Twin Peaks – The Return: Complete Hour by Hour Guide
NOTE TO READERS – These weekly posts are meant to recap what happened (SPOILERS AHEAD) and provide conversation starters for fans to comment and share theories. Do not read if you have not watched this week’s hour(s) yet.
HOUR SIX
“Diane?”
While Albert fulfilled the promise at the end of Hour Four and finally delivered us Diane (Laura Dern), it was the actress who played another Lynchian Diane, Naomi Watts as Janey E. Jones, who owned Hour Six, channeling the rage of the 99% and teaching some nefarious tough guys who were after Dougie a lesson about how to treat people and collect debt. Her diatribe was all at once heartfelt, clunky, tough-as-nails, and borderline funny (at one point I expected her to echo the words of George Costanza and explain to them, “We’re trying to live in a society!”), and it left the bad dudes shocked and muttering, “That was one tough dame.”
Weather it was the Neanderthal bookie thugs (who might make harassing phone calls or even break a leg or two…but wouldn’t kill a guy, right?), a psychopathic teenager with the last name Horne (who runs over a kid in the middle of the day!), a “magic man” drug kingpin (Balthazar Getty – last seen flirting from afar with our dear Shelly – a scene viewed as sweet in hour two, that in hindsight now hangs with a pall of sickening dread), or a miniature assassin who brutally murders a woman in her office in cold blood…Lynch and Frost are showing us that sickos not only lurk everywhere…but are now out of the shadows and in broad daylight. But for each deplorable in the basket…there were glimmers of decency…as seen in our dear Shelly, giggly Heidi, and a pie-loving teacher; in the officer who takes a dementia-riddled Dougie home; and in chain-smoking trailer-park Carl (Harry Dean Stanton) who comforts a grieving mother in the middle of the street while others look on with distant horror. It was both the distance and intimacy of that universal sense of horror that Lynch so awkwardly captured in tonally discordant ways this hour…capped off by the most haunting closing song yet at The Roadhouse and a soft yet hoarse velvety guitar playing chanteuse singing about wanting to forget…
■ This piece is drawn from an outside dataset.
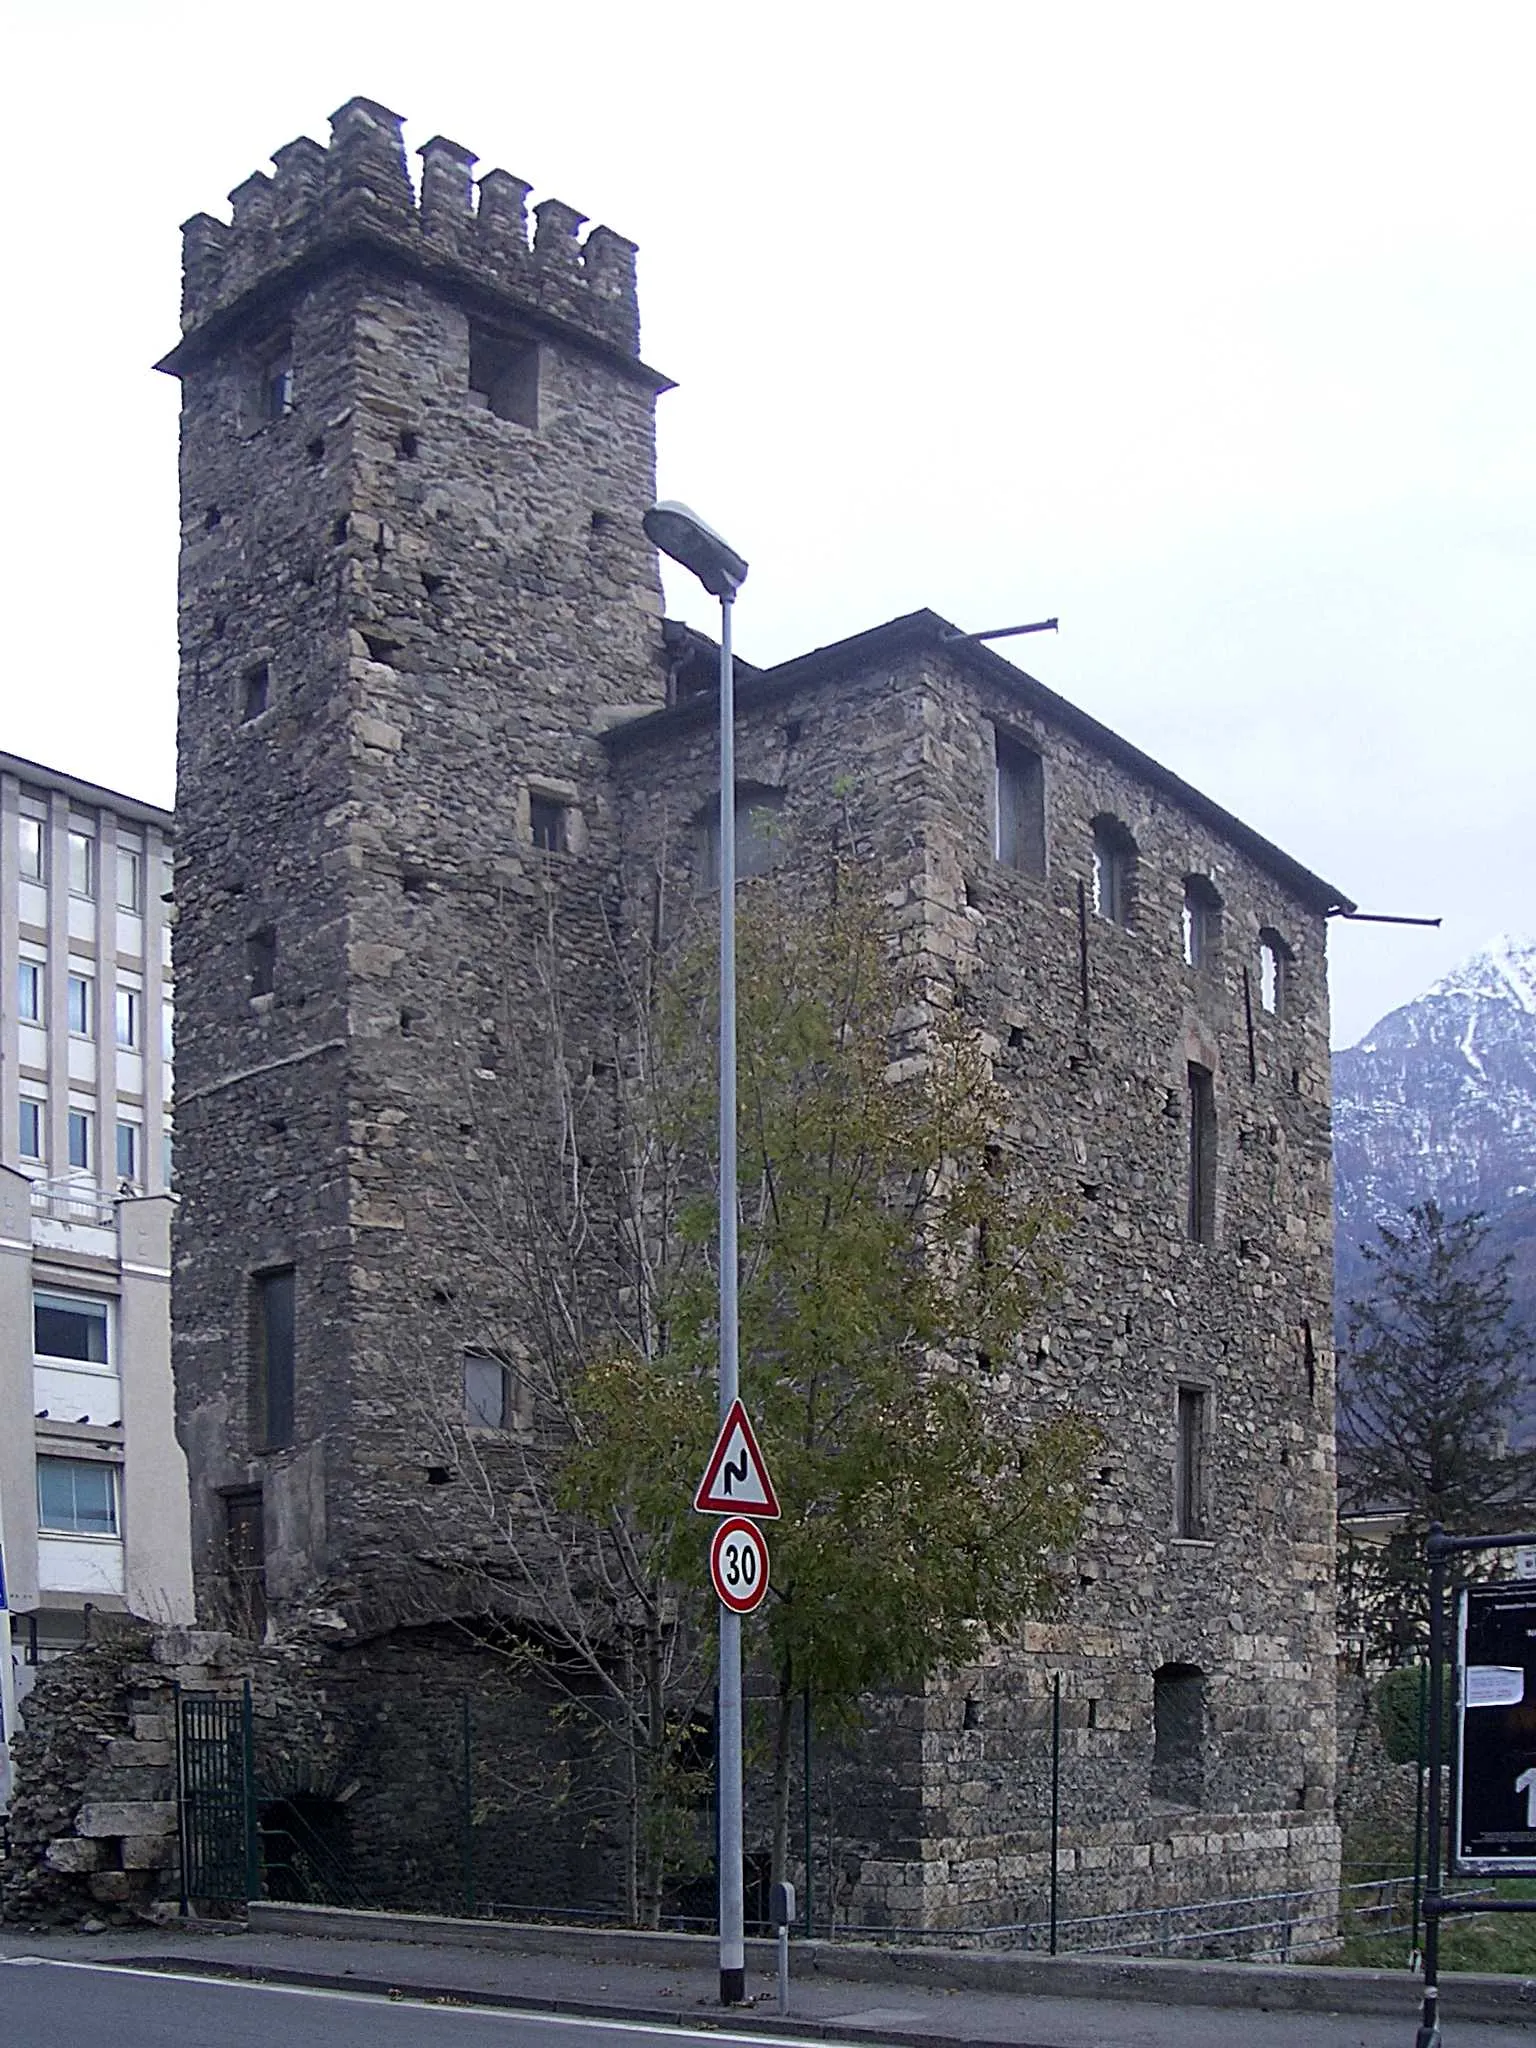 Photo showing: The medieval tower called "the leper's tower"

Meanwhile, in this blatantly violent and misogynistic miasma, it was the ladies previously seen as the nagging, exasperated “ball and chain”, who, in ways both tragic (poor Candy Clark – whose soldier son committed suicide before she fell apart) and heroic (Naomi Watts – sticking up for those who have been trampled on for far too long), show us that the women are just barely holding this shit-hole world together.
If only they could get a little back-up in the form of old Coop.
Oh, and did Hawk find the missing pages of Laura Palmer’s diary in that bathroom stall door?
Until next week…
Commentary by David H. Schleicher
What say you, fellow Peakers? What moments hit you the hardest in Hour Six?
The song at the end of the hour was Sharon Van Etten “Tarifa” –
Once again, Rolling Stone says it better than me:
http://www.rollingstone.com/tv/recaps/twin-peaks-recap-hit-and-run-w487389
Just rewatched Mulholland Drive a couple of weeks ago, still trying to figure out things. Like a ‘rosebud’ kind of intrigue. Twin Peaks is another one. I’m totally foreign to it… haven’t seen the original series. So, no idea what this is all about. Your posts do help.
Arti – you’re a brave one to watch the new series without having seen the old!
No, I meant Mulholland Dr. is enough to keep me intrigued. Have absolutely no idea what TP is all about and don’t know where to watch it. Reading your posts gives me a taste of it.
Ah, I misunderstood. You had me all intrigued by the idea of someone watching Twin Peaks: The Return cold without having watched the original series. Some would argue it would make about as much sense either way.